Batailles pour le Goncourt 1903-2018

Tirages, rééditions, éditions postérieures, documents originaux, contexte de l’attribution du prix, rien ne manque à ce fastueux album illustré, frappé qu’on est par tant de célébrités grandes et honorables aujourd’hui englouties. Les lecteurs qui se sont délectés de Léon Frapié, Jérôme et Jean Tharaud, Charles Plasnier, André Billy, Henri Fauconnier, Philippe Hériat, Paul Colin, Jacques Borel et consorts, auront-ils le courage de replonger dans leurs œuvres ? De certains écrivains ne subsistent que des reliures de grand luxe destinées aux maniaques bibliophiles qui ne lisent pas. Une bonne partie des œuvres couronnées ne sont plus que feuilles mortes qu’on ramasse à la pelle. Sur les rangs, les éditeurs qui attendent leur becquée. Les lauréats sur qui pleuvent les hommages en restent tout ébahis. Comme au théâtre. Après la représentation, on éteint. Mais avant de déclarer à la foule le nom de l’heureux élu, que de commentaires peu amènes, de remarques acerbes, d’intrigues, d’humeurs, d’affrontements à fleuret moucheté, d’explications inamicales, de consécrations inattendues, de méchancetés scrupuleusement rapportées.

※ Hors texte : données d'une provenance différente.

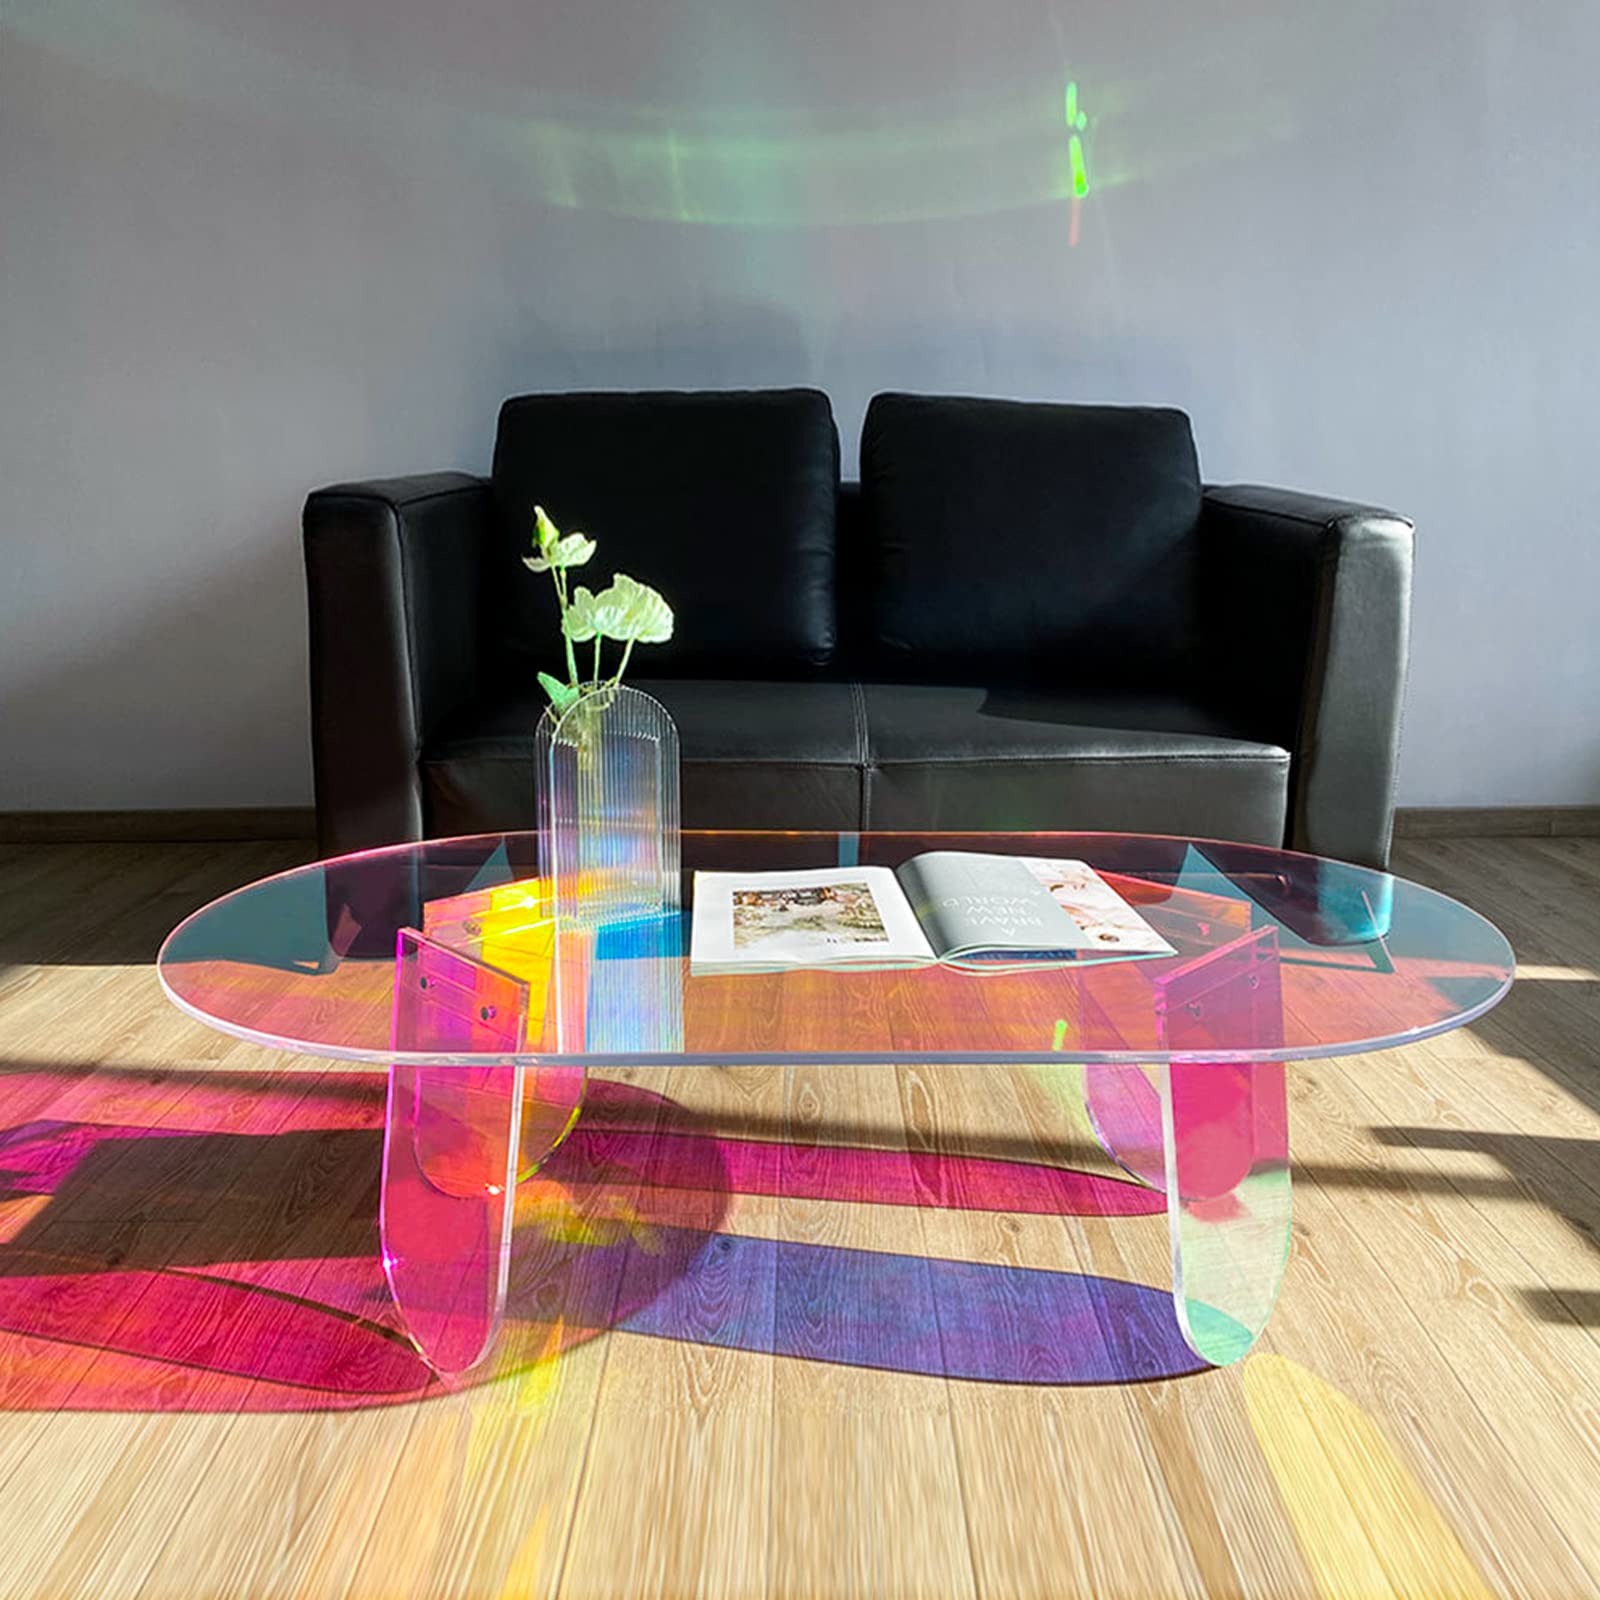 Botabay Acrylic Coffee Tables For Living Room Clear Coffee Table Iridescent Side Table Colorful Table Decor Table Round Side Tab

Ceux qui président au cénacle ressemblent à des chasseurs de lépidoptères. Le prix s’efface lentement ; semblablement à l’écoulement du temps. « La consécration littéraire peut être une longue patience ». Parfois un miracle, une injustice réparée. On retire un écrivain de son caveau. Le lecteur écarquille les yeux. Il vient de mettre la main sur un trésor.

 

Alfred Eibel

Librairies Fosse et Walden, 258 p. 10€.

12, rue Puvis de Chavannes – 75017 – Paris.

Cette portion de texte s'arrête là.